Monday, March 31, 2008
Dr. James Miser speaks on Patient Safety at Min-Sheng General Hospital
On Thursday, March 6, 2008, Dr. James Miser, former CEO and Chief Medical Officer of City of Hope National Medical Center, was invited to speak to Min-Sheng Healthcare administration, physicians and staff on the subject of "Improving Healthcare Quality through Root Cause Analysis." Besides being the CEO and Chief Medical Officer beginning in 2001, Dr Miser is a world renowned pediatric oncologist and father of 10 adopted children.
Dr. Miser stated he has always had an interest in patient safety. The physician oath says first do no harm. "Medicine use to be simple, ineffective and relatively safe. Now it is complex, effective and potentially dangerous," he stated.
According to a 1998 released by the Institute of Medicine, "44,000 to 98,000 people die in the United States health care system each year due to preventable errors made by health care practitioners."
A systems analysis approach can be used to thoroughly evaluate all patient care systems, identify areas of risk, implement changes to mitigate risk and prevent errors before they happen. Dr. Miser shared several examples of how a systems approach identified errors before they occurred and several stories of errors discovered through a systems analysis approach after the errors had been committed.
Dr. Miser also told several stories of errors and potential medical treatment errors that involved his own children, noting that if these situations could happen to his family then it could certainly happen to anyone. Dr. Miser believes that a “no blame” culture is essential if you want to change a hospital system. In a “no blame” culture you accept that an error can occur, but it also provides an opportunity to make the hospital a safer place.

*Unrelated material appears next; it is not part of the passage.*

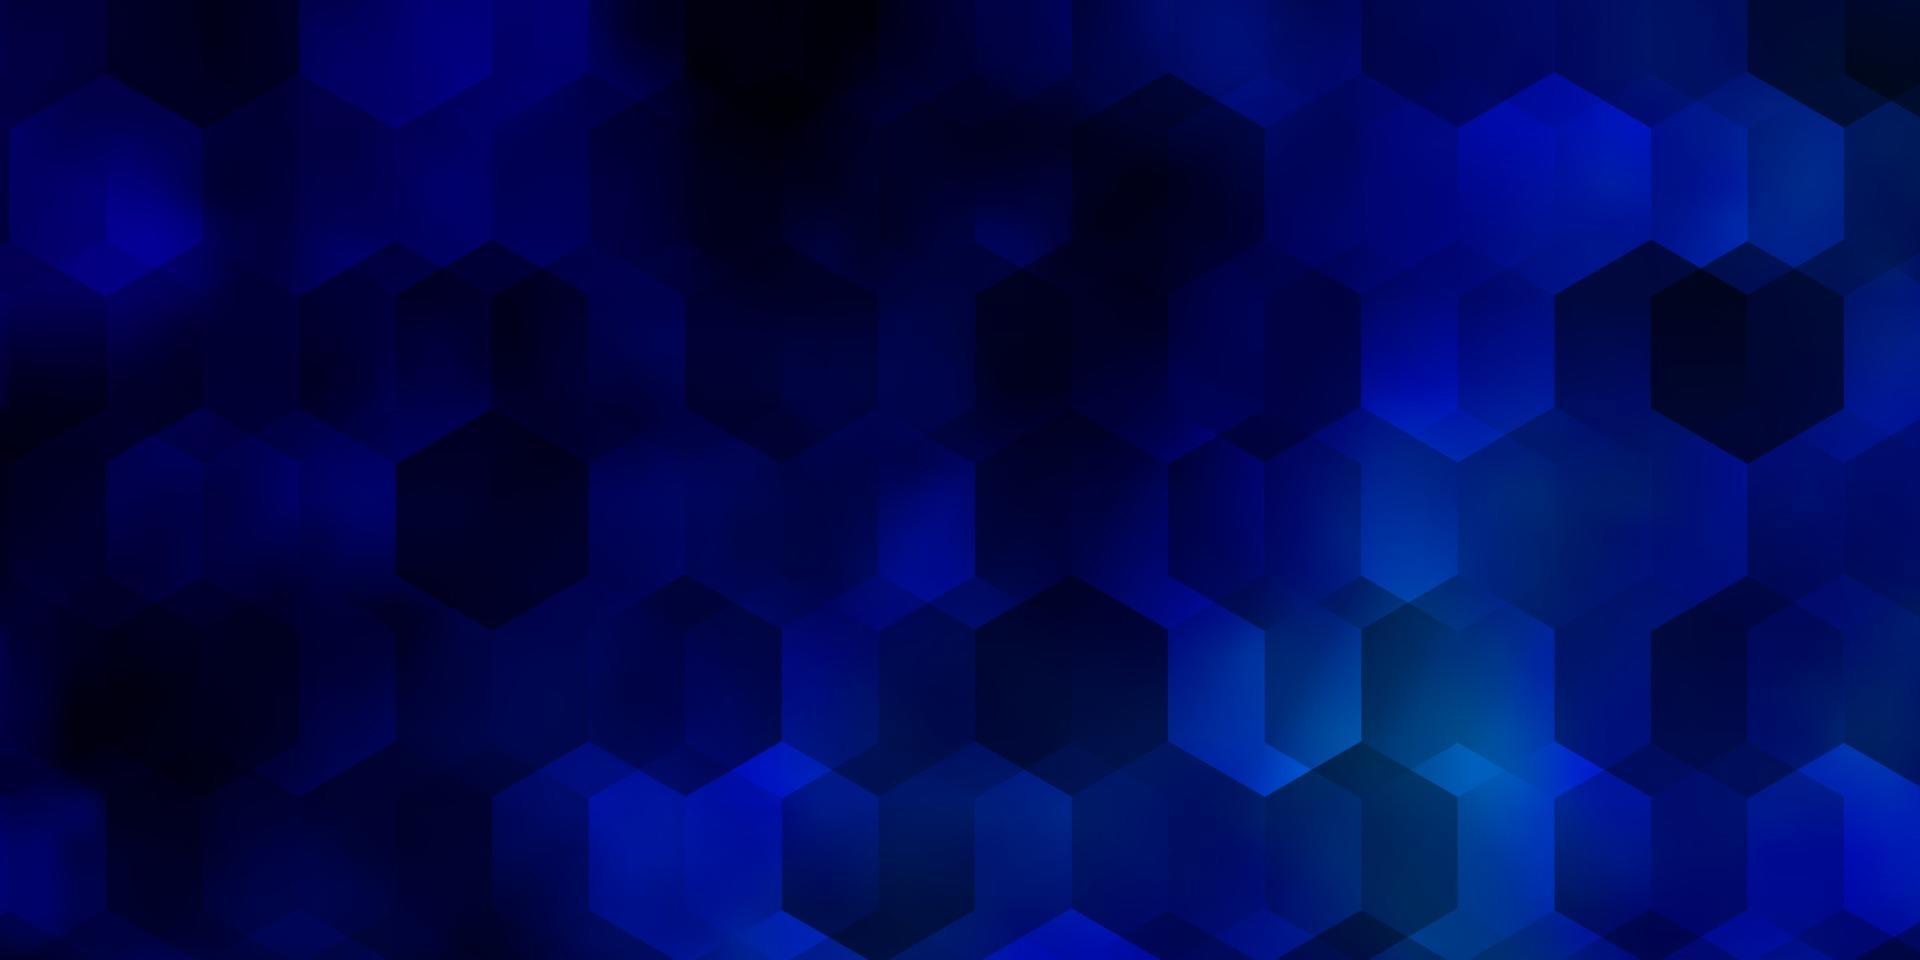 layout de vetor azul claro com formas hexagonais.

A "safe hospital" in Dr. Miser's words is one where there are excellent physicians, an excellent staff, excellent systems, and excellent patient involvement in care and education. In describing each aspect of a "safe hospital, Dr. Miser pointed out the importance of hospital leadership create a culture of safety by reporting errors without a fear of blame or retaliation is key to accurately implementing system changes. Most medication errors are due to system errors not incompetence. While reporting errors can be a frightening thing for a hospital system, it is necessary to report errors accurately to be able to change the system and make it safer.
Dr. Miser graciously answered questions from the audience and discussed his medical philosophy with other audience members after the presentation was completed. He completed his day with a tour of Min-Sheng General Hospital followed by lunch with Dr. Fred Yang, the CEO and Mrs. Connie Ma, the Chief Quality Officer of Min-Sheng General Hospital.